ABC試験とスペード試験とミルクアレルギー

2024年5月

 生後8か月の赤ちゃんのお母さん:「生後1か月前後までは、普通の粉ミルクを飲んでいたんですが、どうも、ミルク入りの離乳食を食べて、ぶつぶつが出たようです。ミルクアレルギ―でしょうか?」

 食物アレルギーに関して、分からないことが沢山ありますが、少しず見えてきています。特にミルクアレルギーに関して、

 @ 赤ちゃんの発達によって、アレルギーになりやすい年齢がある(ABC試験)

 A 食べないと食物アレルギーになりやすい(スペード試験)   です。

@ ABC試験

 生後3日目までに、普通の粉ミルクを飲んだ赤ちゃんと、アレルギーの起こらないミルク(アミノ酸ミルク)を飲んだ赤ちゃんが、2歳になった時にミルクアレルギーが有るか無しかを調べた試験です。

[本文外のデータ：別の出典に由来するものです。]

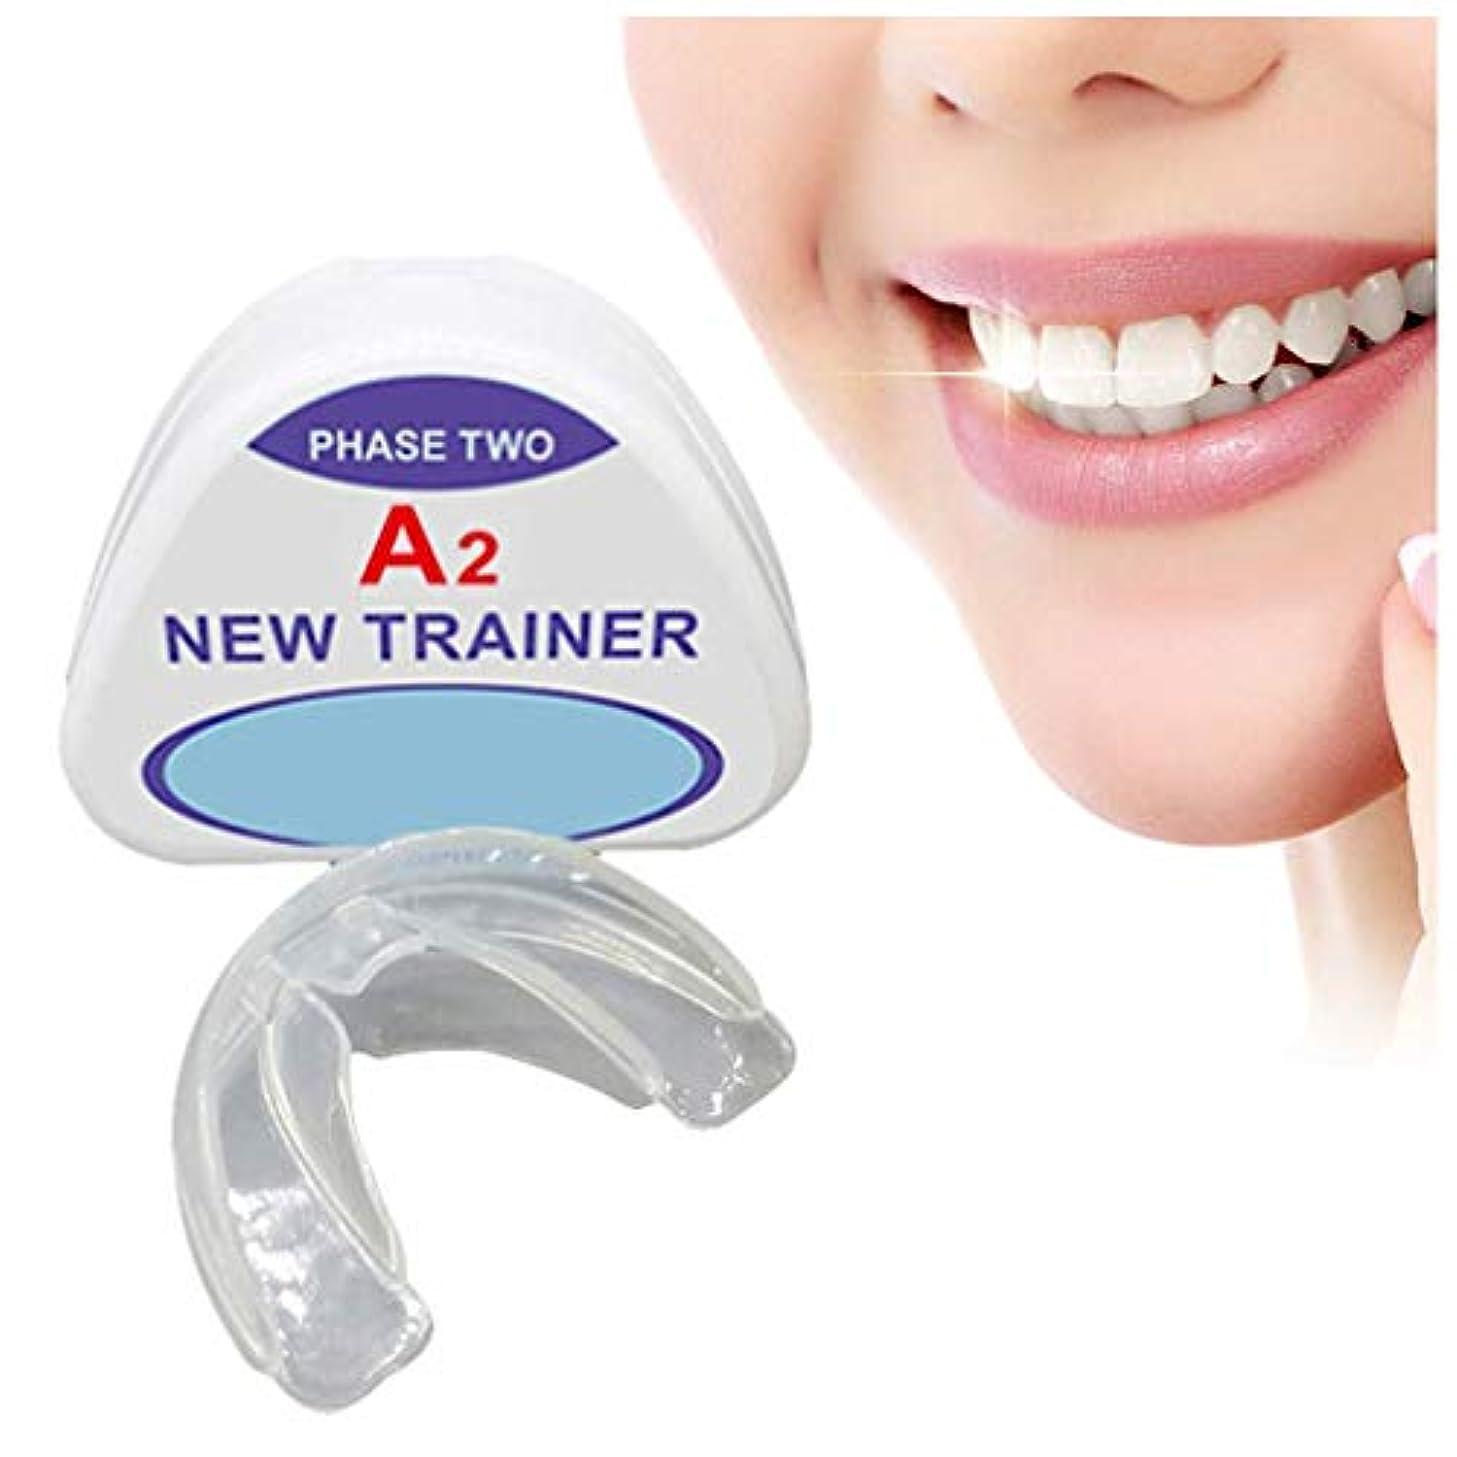 切断するコミュニケーションボルト歯列矯正トレーナーリテーナー、歯科用マウスガード歯列矯正器具、歯用器具夜予防臼歯ブレース

 普通の粉ミルクを飲んだ赤ちゃんに2倍の頻度でミルクアレルギーが有りました。

 新生児期は腸の機能が未熟であったり、腸の中の環境が十分に整っていなかったりで、新しい食べ物に関しては注意が必要です。

A スペード試験

 トランプのゲームではありませんが、スペード試験というのがあります。沖縄のこども達を対象にした試みです。生後1〜2か月のこども達に、少なくとも1日に10mlの普通の粉ミルクを飲ませ続けると、母乳だけ又は母乳と大豆乳を飲んだ子供に比べてミルクアレルギーが少なかったという試験です。

 「ABC試験では、普通の粉ミルクを飲まなかった赤ちゃんのほうがアレルギーが少なかった。スペード試験では普通の粉ミルクを飲んだ赤ちゃんの方がアレルギーが少なかった。」と正反対の結果ではないかと思われますが、ABC試験では生後3日目までの新生児であり、スペード試験では生後1〜2か月の赤ちゃんです。

 新生児期、特に生後1週間までの早期新生児期の赤ちゃんのお腹は非常に敏感で未成熟です。アレルギー反応を起こしやすそうな食物は食べないほうがよさそうです。今回の話では普通の粉ミルクという事です。そして、ここが大事なところですが、一度お腹に入った食物は少しずつでいいから食べ続けることが、食物アレルギーの予防になるという事です。

 新生児期に、普通の粉ミルクを飲んだ場合には、続けて少しでいいから粉ミルクを薬と思って飲み続けることが、アレルギーの予防になるかもしれません。